# Your thoughts on Scanpan



## babytiger (Oct 14, 2010)

I've been wanting to get a nonstick skillet and a small sauce pan with lid. Sur La Table currently has a set of from Scanpan on sale, 9¼" skillet and 3-qt. saucepan with lid for $89.99, with free shipping. http://www.surlatable.com/product/738781.do

I know nothing about Scanpan. Does anyone have experience with them? Pros? Cons? Are they heavy?


----------



## phatch (Mar 29, 2002)

They're reportedly tougher than generic non-stick, but the increase doesn't merit the high price. There was also a spate of bad coatings a year or two back.

You should be able to pick up a thick aluminum teflon pan for about $20 that will last 2-4 years or longer depending how careful you are with it. Then pick up another $20 dollar pan after that. Those two sequential pans will last longer in total than the scanpan and cost much less.

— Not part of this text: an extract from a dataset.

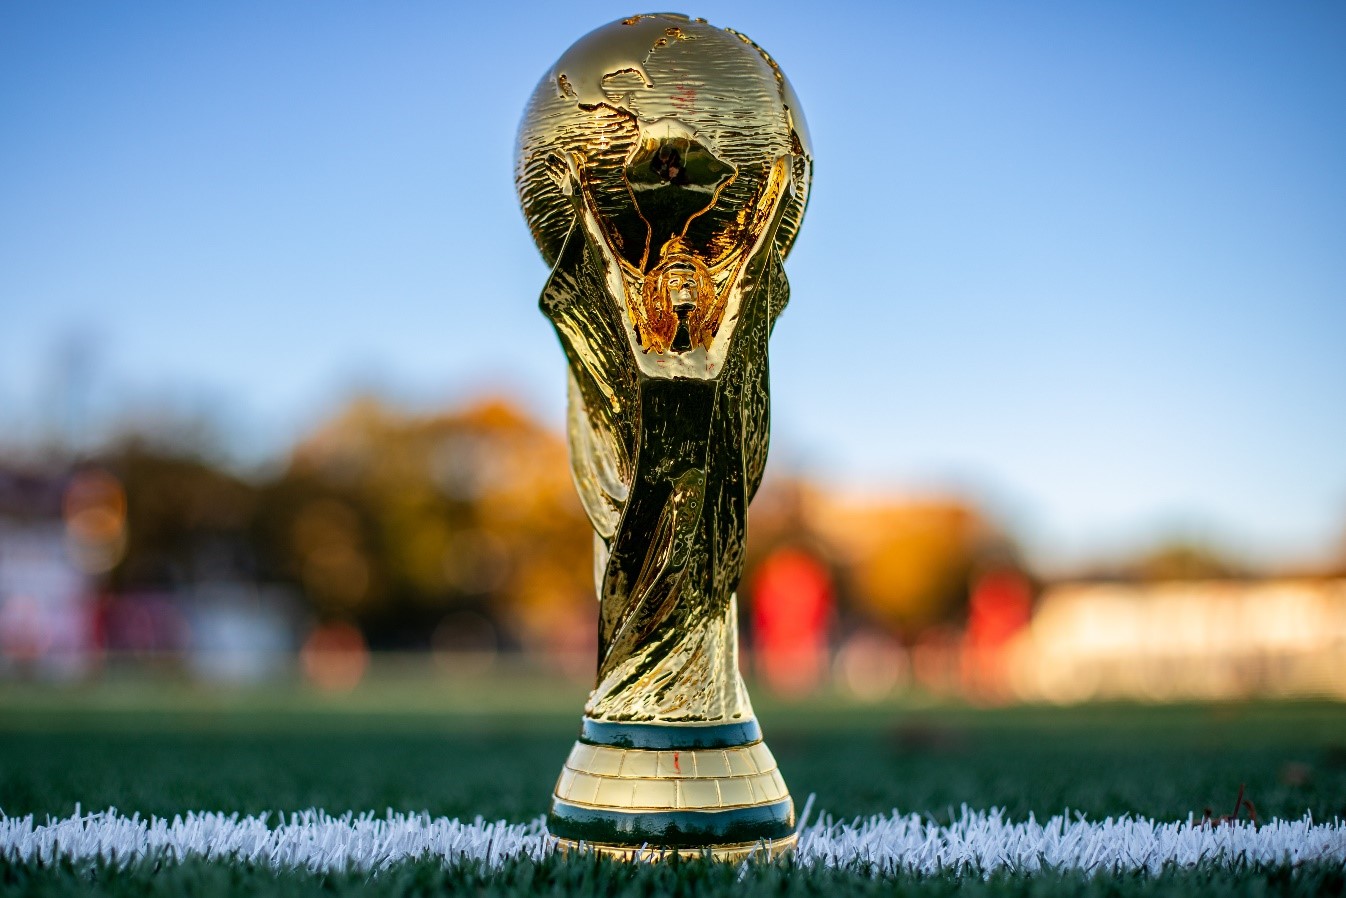 What are USA's chances in Group B at the 2022 Soccer World Cup

I don't know why you'd want a non-stick saucepan. I've had them and the non-stick doesn't add anything to their use really. Plus they become useless for caramel and such as you can't accurately gauge color against the dark coating.


----------



## babytiger (Oct 14, 2010)

Thanks for letting me know about the quality. I actually don't need the saucepan to be non-stick, just the skillet. I was just curious as this set in particular is so inexpensive compare to the other Scanpan products.


----------



## french fries (Sep 5, 2008)

Did you notice that the set is marked as "discontinued"?


----------